I had a friend who was a victim of domestic abuse. Really bad shit that went on for almost two decades. After she finally left the abuser, it was really hard for her to establish boundaries in relationships with men. She had no idea what was OK to put up with. I had to talk her through the most basic strategy of building a boundary.
“What’s a hard ‘no’ for you?” I’d ask. “It’s got to be whatever feels like it should be completely off limits under any scenario for you. If the guy asks you to take drugs? If he hits your child? If he is sexually inappropriate with your child? What’s your absolute limit?”
It was so hard to get her to understand what I was on about. But eventually she did figure out her hard limit which was about a million light years off from mine but that’s OK. We are different people, it’s fine. Her personal life did stabilize and she did end up in a relationship that made her happy. My friend died two years ago, so I feel free to write about it.

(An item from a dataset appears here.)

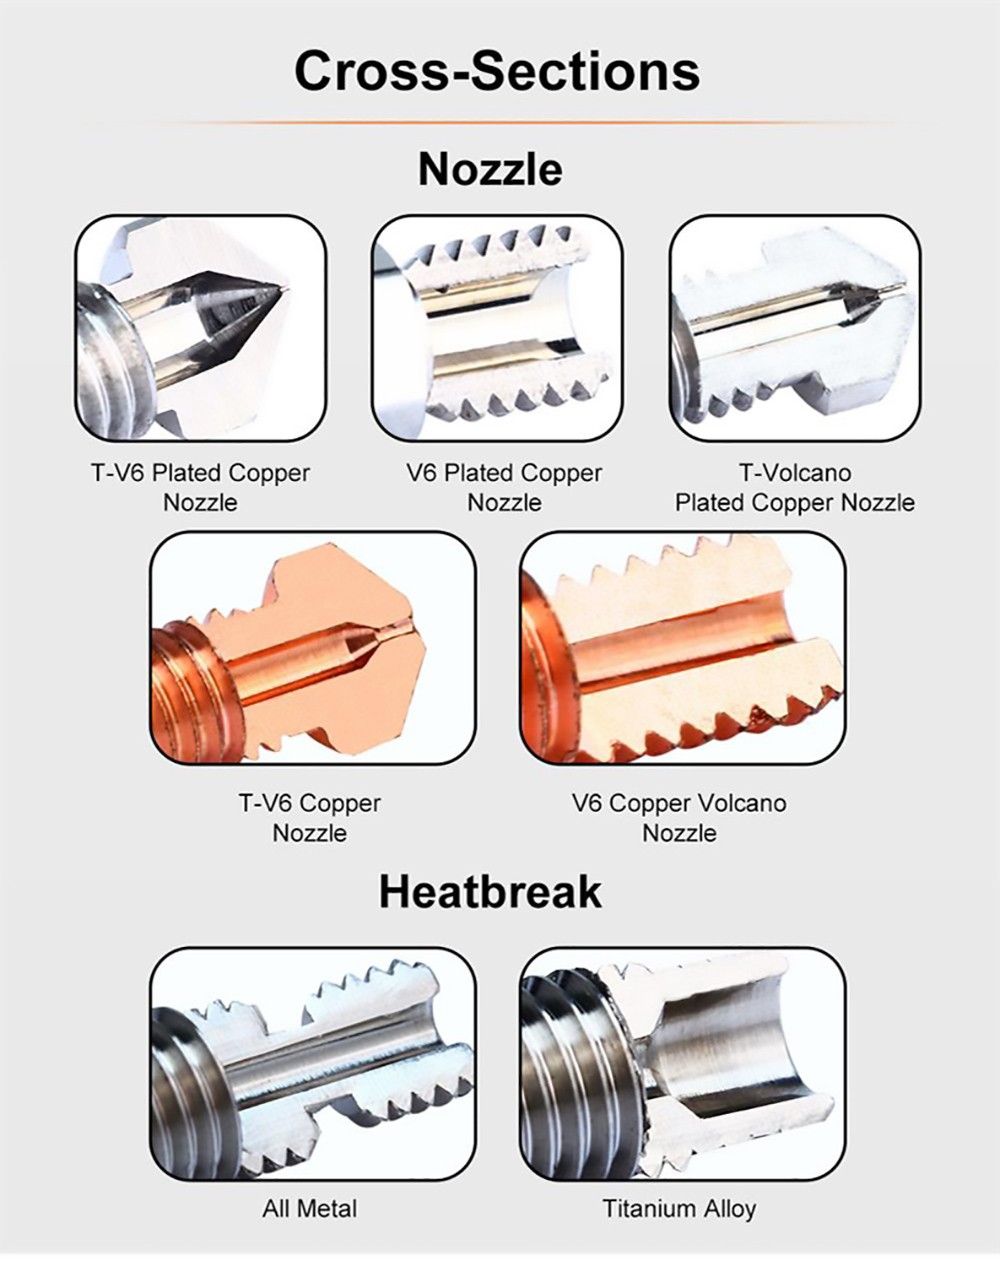 Trianglelab M6 ZS 0.4mm Nozzle, Hardened Steel Copper Alloy, High Temperature Resistant, for V6 Hotend 3D Printer

I’m writing this because I think it’s time for everybody to figure out their hard limit in the creeping totalitarianism we are experiencing. I’ve thought about mine, I have figured out what it is, and it’s very calming to know it. I highly recommend thinking about where you stop accommodating the totalitarians. What is off limits? We are all different, and everybody will put their boundary in a different place. That’s OK as long as we all find the boundary.
This ends when and where we all find the boundary. This is completely in our hands but we have got to go at it together.